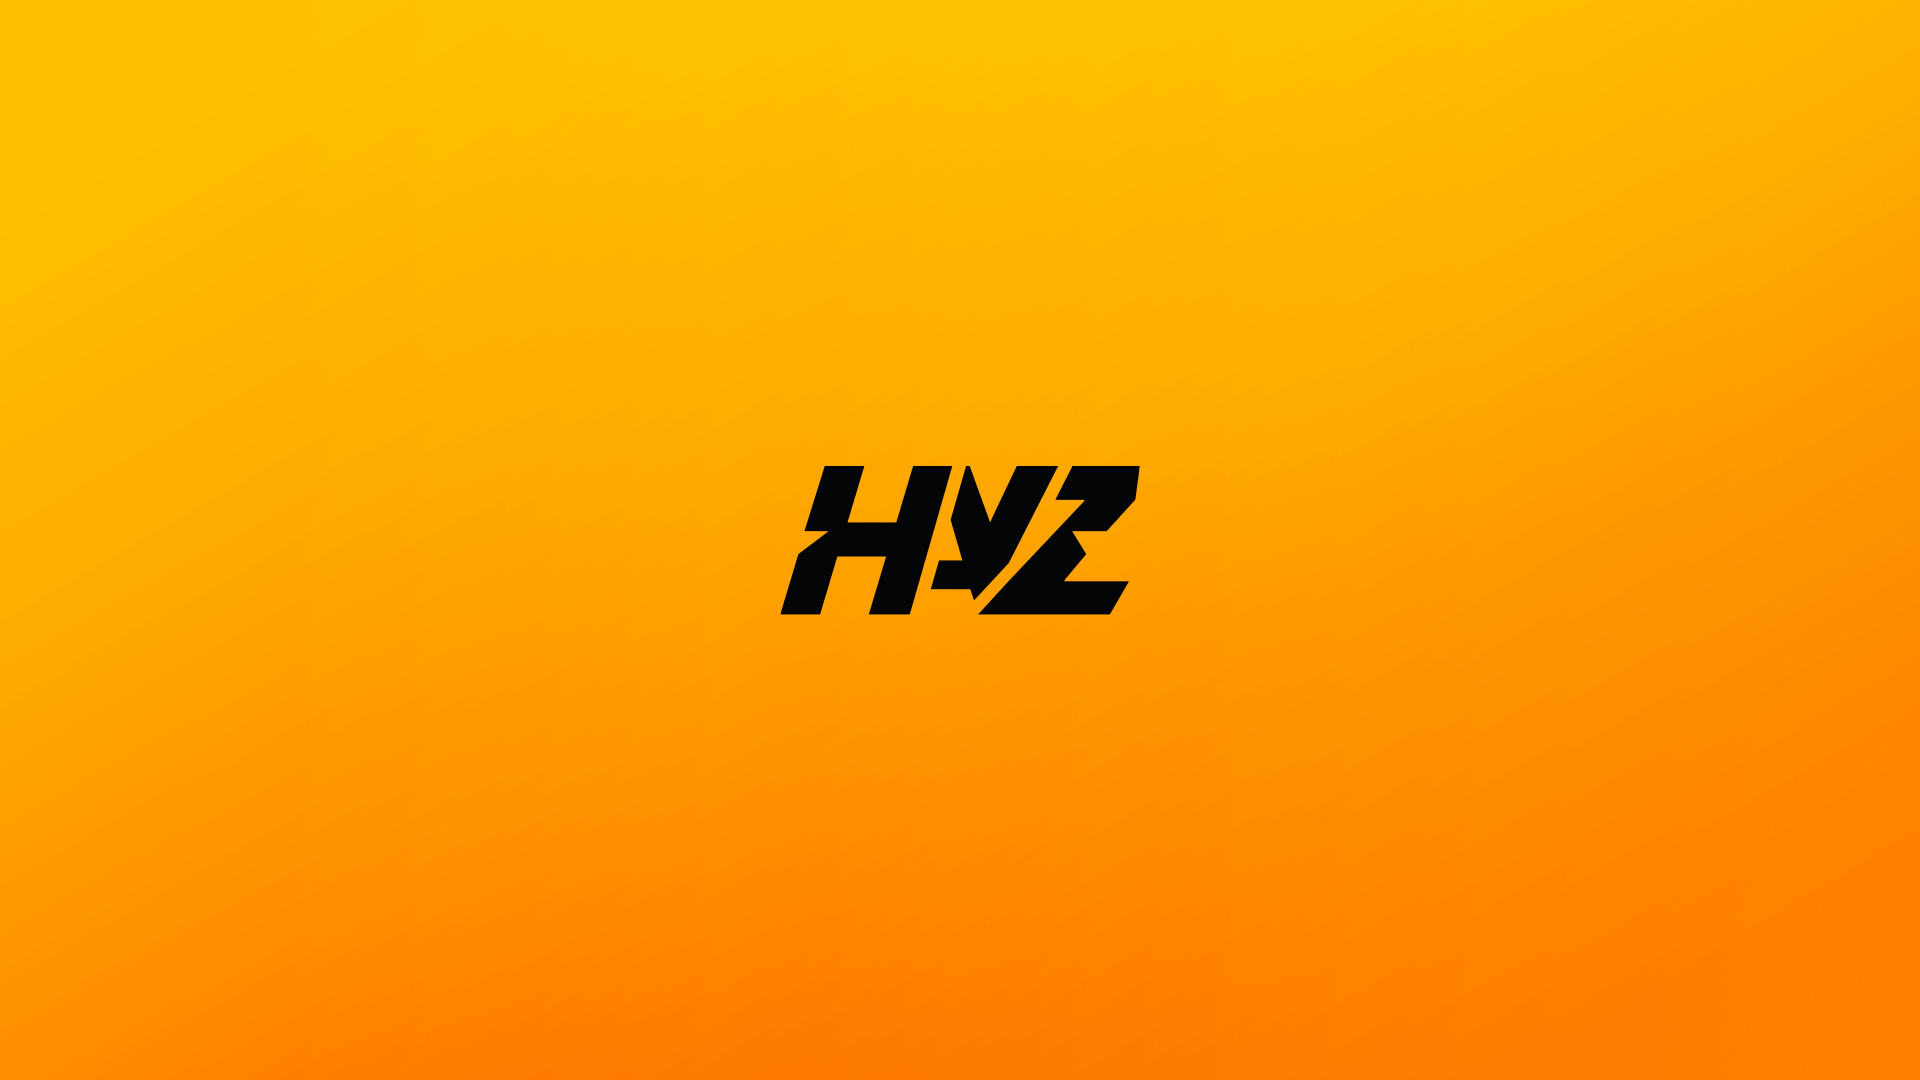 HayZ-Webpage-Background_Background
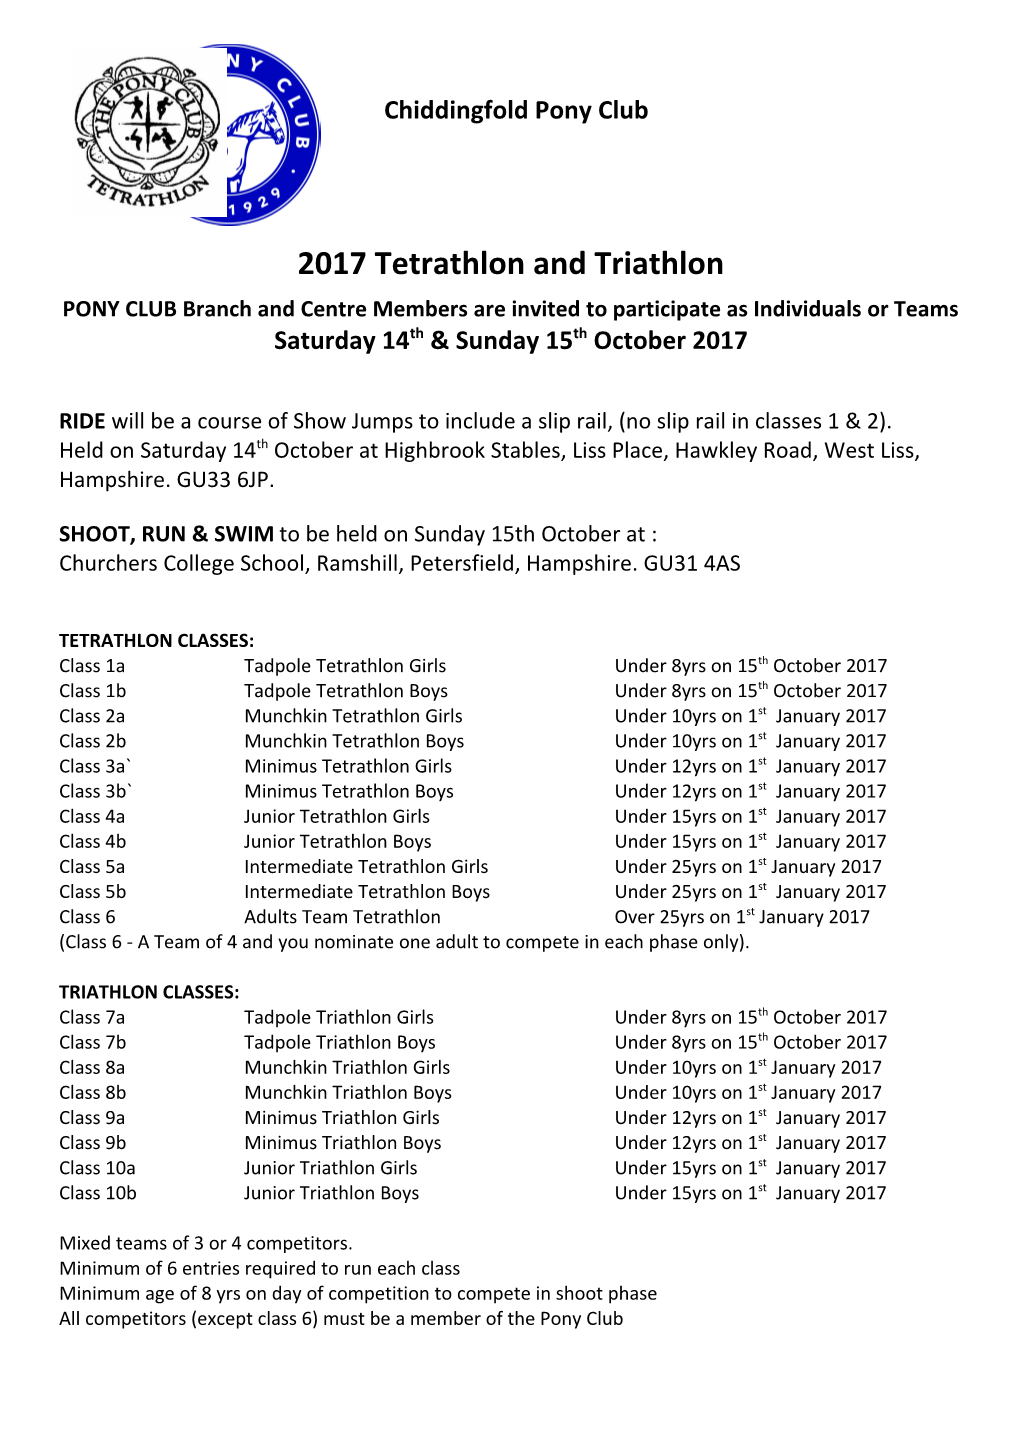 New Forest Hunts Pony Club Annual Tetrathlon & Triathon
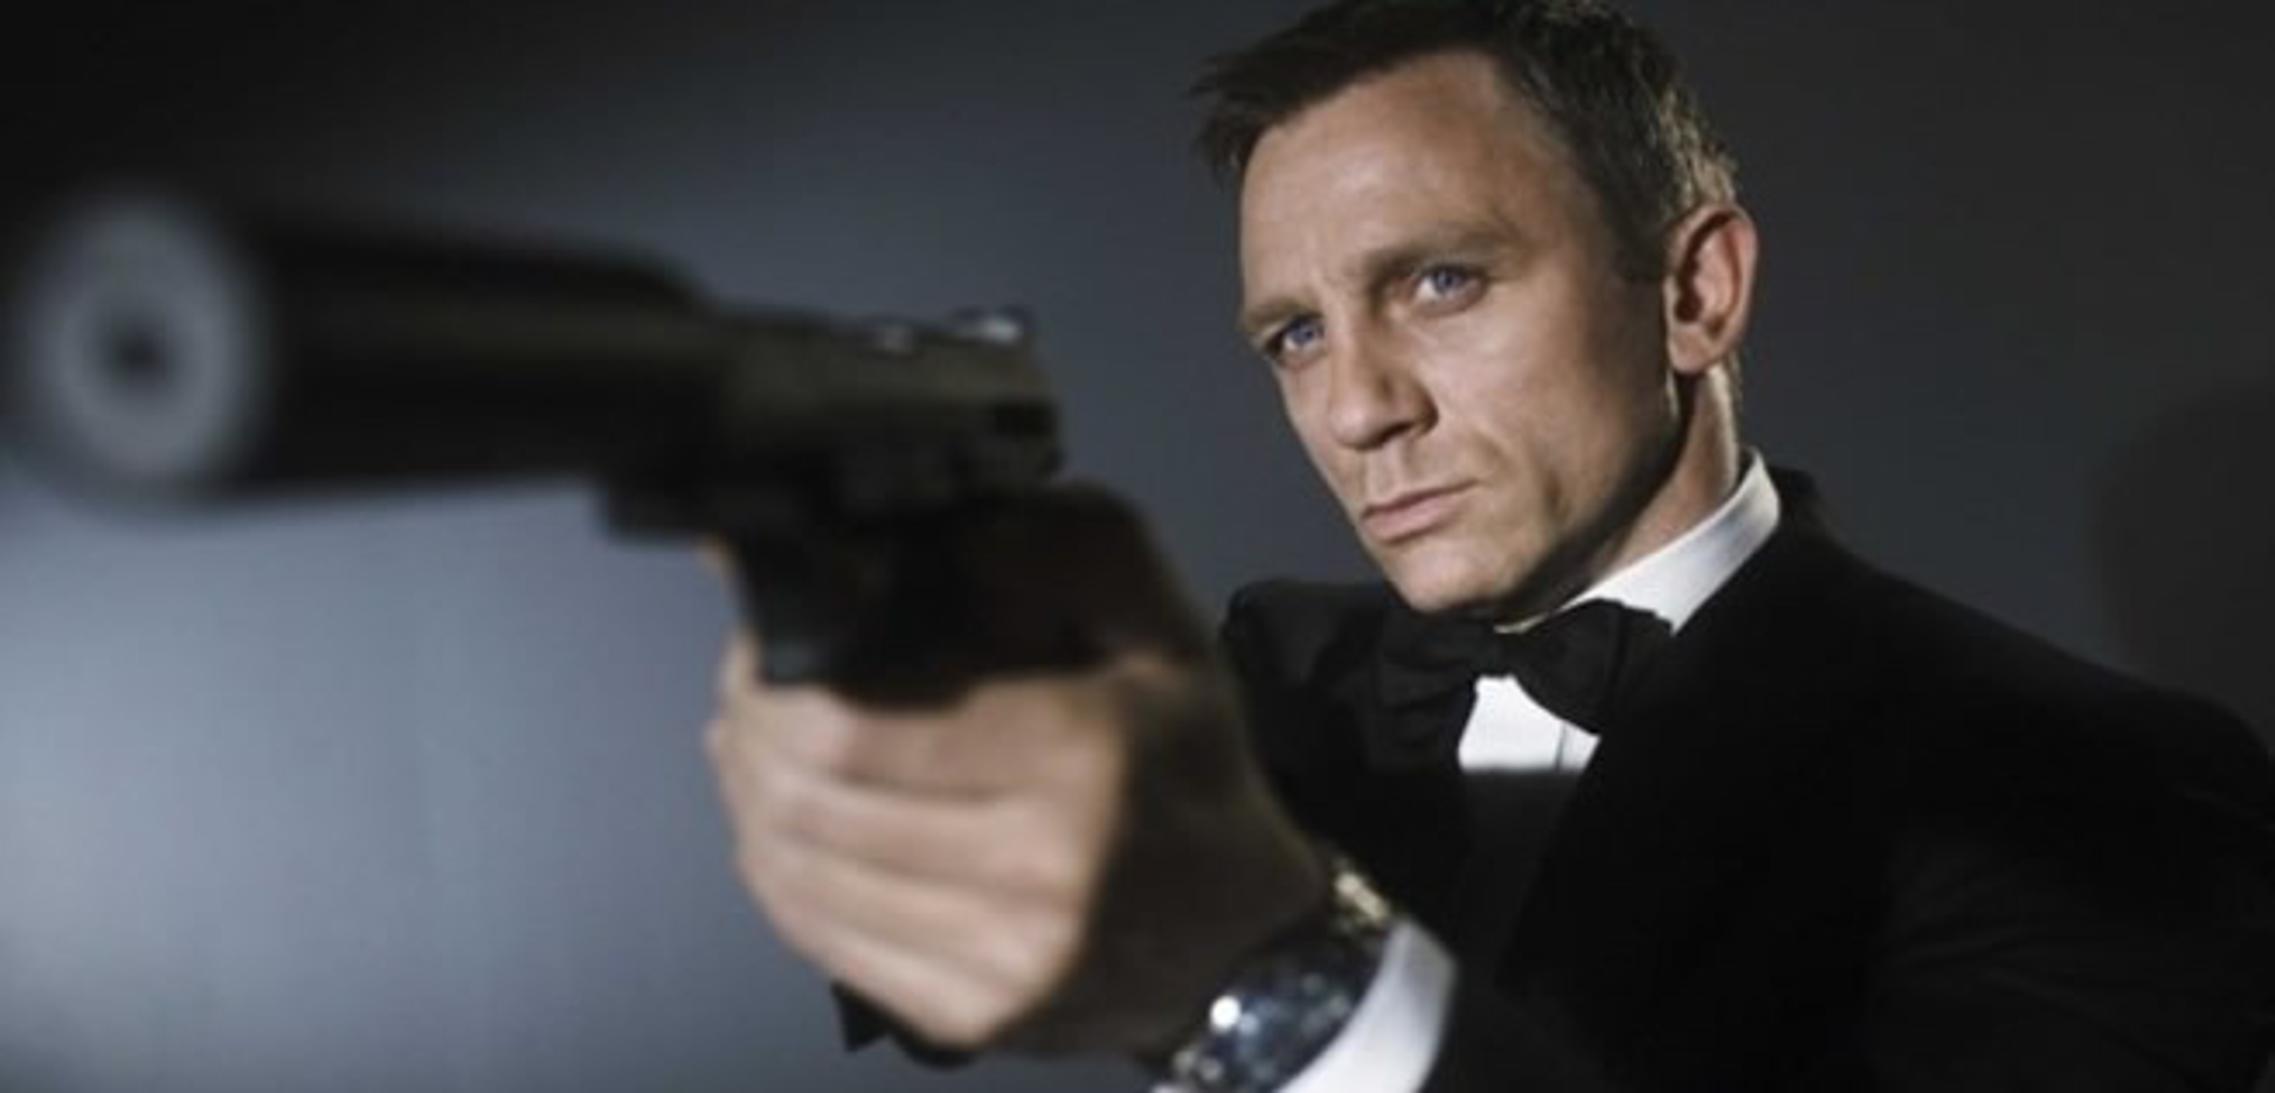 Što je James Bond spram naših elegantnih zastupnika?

Work order
Starting from the line that contains "New Forest Hunts", transcribe exactly each line down to the final line of the material above, excluding every picture and adding nothing else.

Worked solution
 New Forest Hunts Pony Club Annual Tetrathlon & Triathon
 Što je James Bond spram naših elegantnih zastupnika?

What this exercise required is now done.